Rabbi Leon A. Morris
In this week’s Torah portion, Vayechi, Joseph and his brothers show two very different ways of reacting in response to the past. Joseph’s brothers fear that he will take revenge on them once their father has died. They ask, “What if Joseph still bears a grudge against us and pays us back for all the wrong that we did him” (Genesis 50:15). Joseph responds, “Although you intended me harm, God intended it for good” (Genesis 50: 20).
Joseph’s faith enables him to gather strength from his disappointments and trials. He transforms himself from a spoiled, narcissistic young man who held himself above his brothers into a model of compassion, forgiveness and leadership.
Joseph’s brothers are paralyzed by their past; they dwell on their own acts against their brother, doubting their brother’s willingness to forgive. In contrast to them, Joseph is able to use the painful experiences of his past as a means of acquiring wisdom and maturity. In his capacity to suffer, Joseph discovers his ability to change. His difficulties help him mature. We learn from the story of his life that obstacles, pain and suffering are opportunities for us to grow as individuals.
The story of Joseph’s death teaches the Jewish people how to react to its collective past. The portion ends with Joseph’s death at the age of 110. On his deathbed, he makes his brothers take an oath that when they leave Egypt, they will carry his bones with them and take them back home to the land of Israel. “So Joseph made the sons of Israel swear, saying, ‘When God has taken notice of you, you shall carry up my bones from here’” (Genesis 50:25).
Indeed, 400 years later in the Torah’s narrative, we hear again about the bones of Joseph, when the Israelites are on their way out of Egypt and remember the oath made to him. They find his coffin and take the bones with them through their 40 years of wandering in the desert.
The Mechilta of Rabbi Ishmael, an early halachic midrash on Exodus, explains that the Israelites carried two arks side by side. One of them, the ark of the covenant, contained the tablets of the law given to Moses. The other contained Joseph’s bones. According to the midrash, what was written on the tablets of one ark was fulfilled in the life of the one whose bones rested in the other ark. We can think of one ark as containing Torah; the other, a human who became Torah.

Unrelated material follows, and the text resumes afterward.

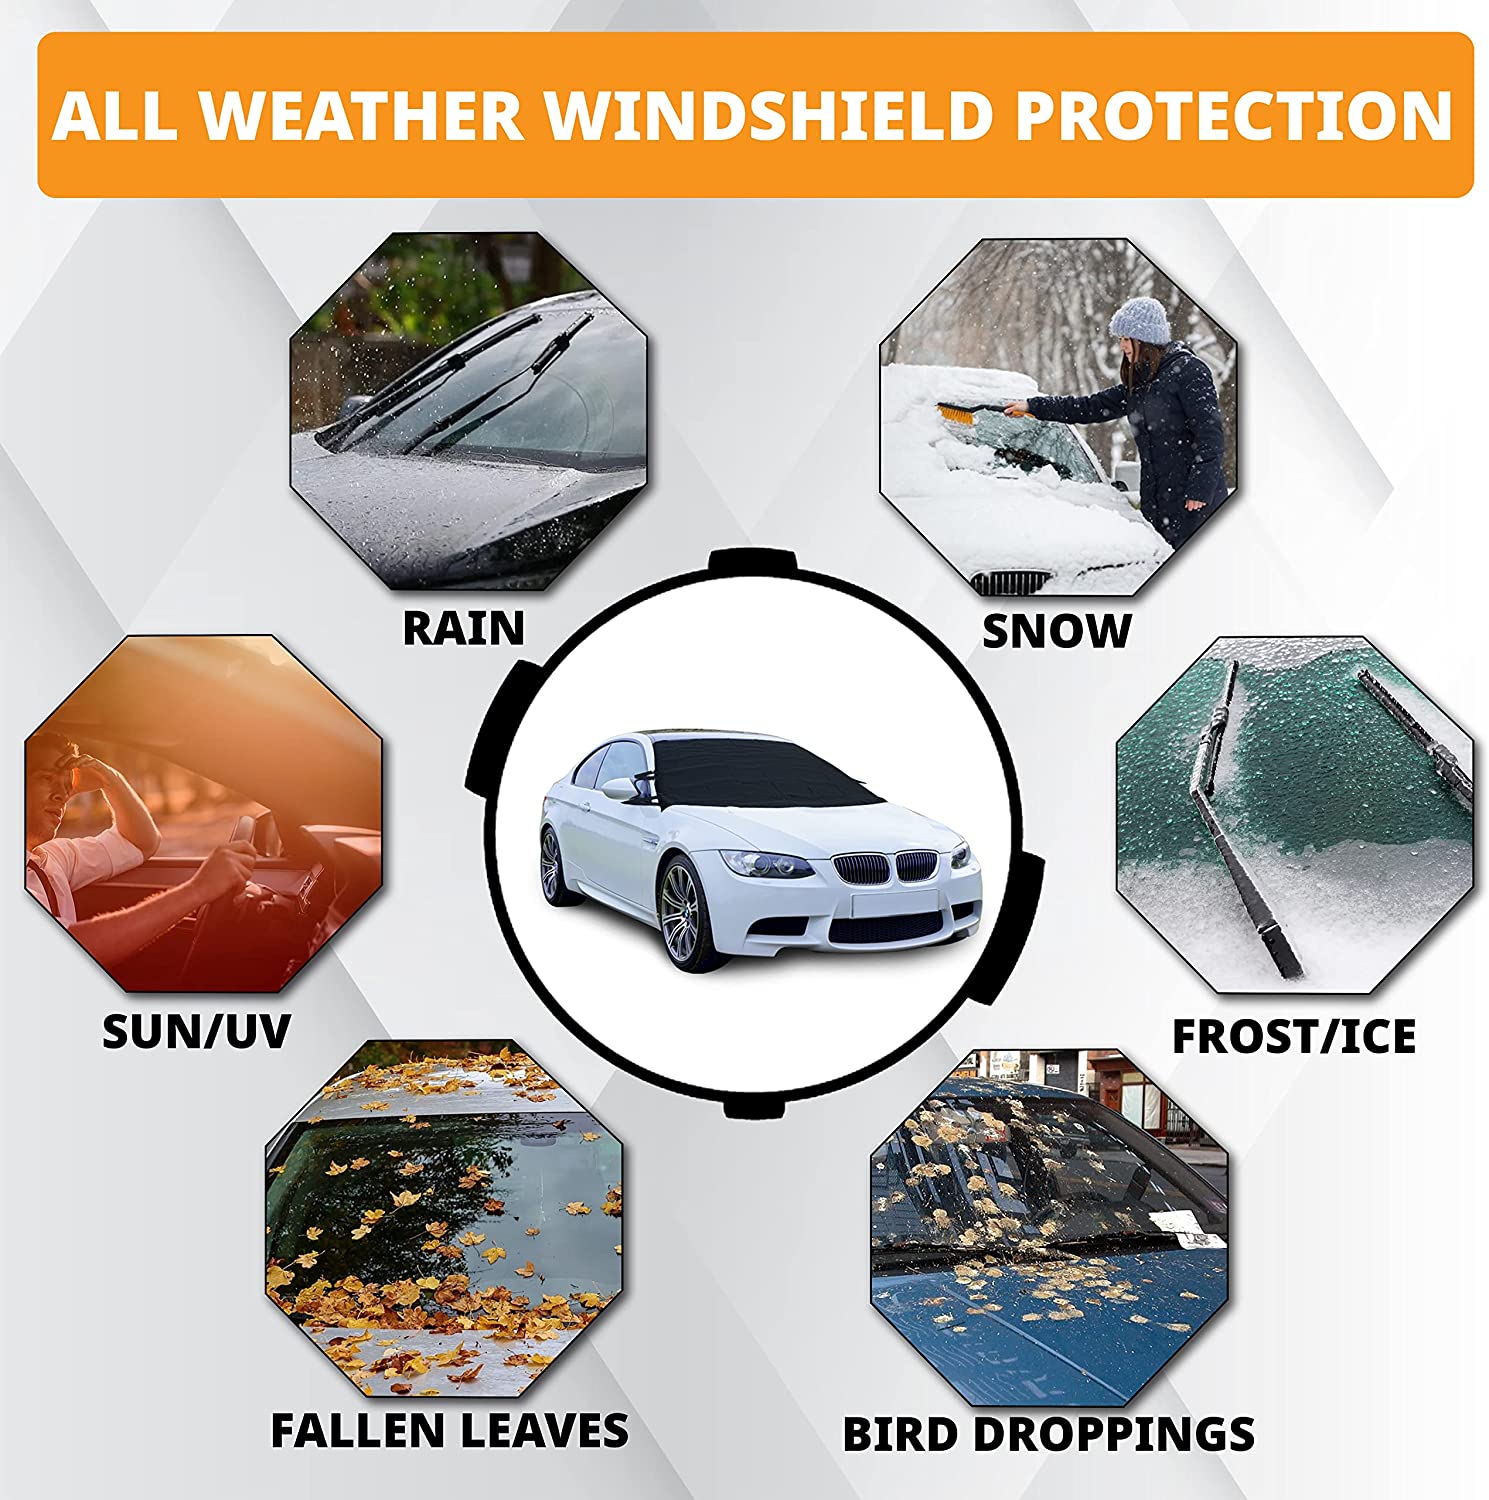 EcoNour Car Windshield Cover for Ice and Snow (69" x 42")| Exterior Automotive Water, Heat & Sag-Proof Snow Cover - image 4 of 8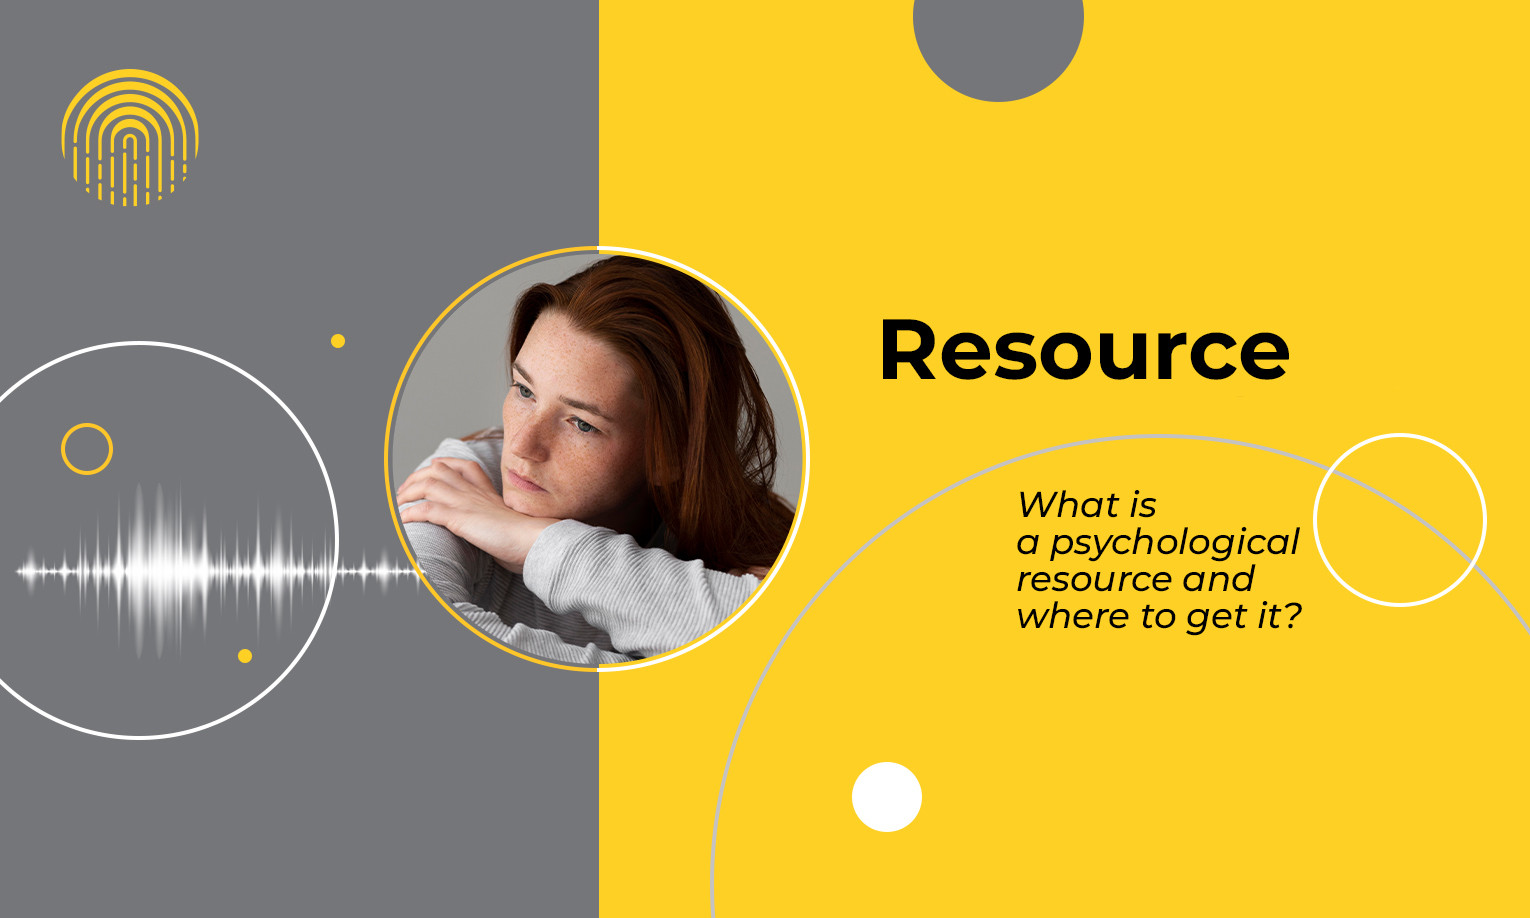 What is a psychological resource and where can we get it?

While the children of Israel carried Joseph with them,‘ previous generations of American Jews neglected the oath made by the Israelites. They viewed our past, its traditions and sacred texts as dried and discarded bones that had been carried through thousands of years of wandering. Some thought that these relics of our past held us back.
But these “bones,” if carried well, help us move ahead. Study, prayer, ritual and acts of loving kindness actually prevent us from staying in the same place. They help us move beyond ourselves. And so the story of Joseph’s bones challenges us to hold on to our people’s past in a way that helps us to progress, to reach new places or even to go home. Joseph teaches us that the past can liberate us and lead us forward.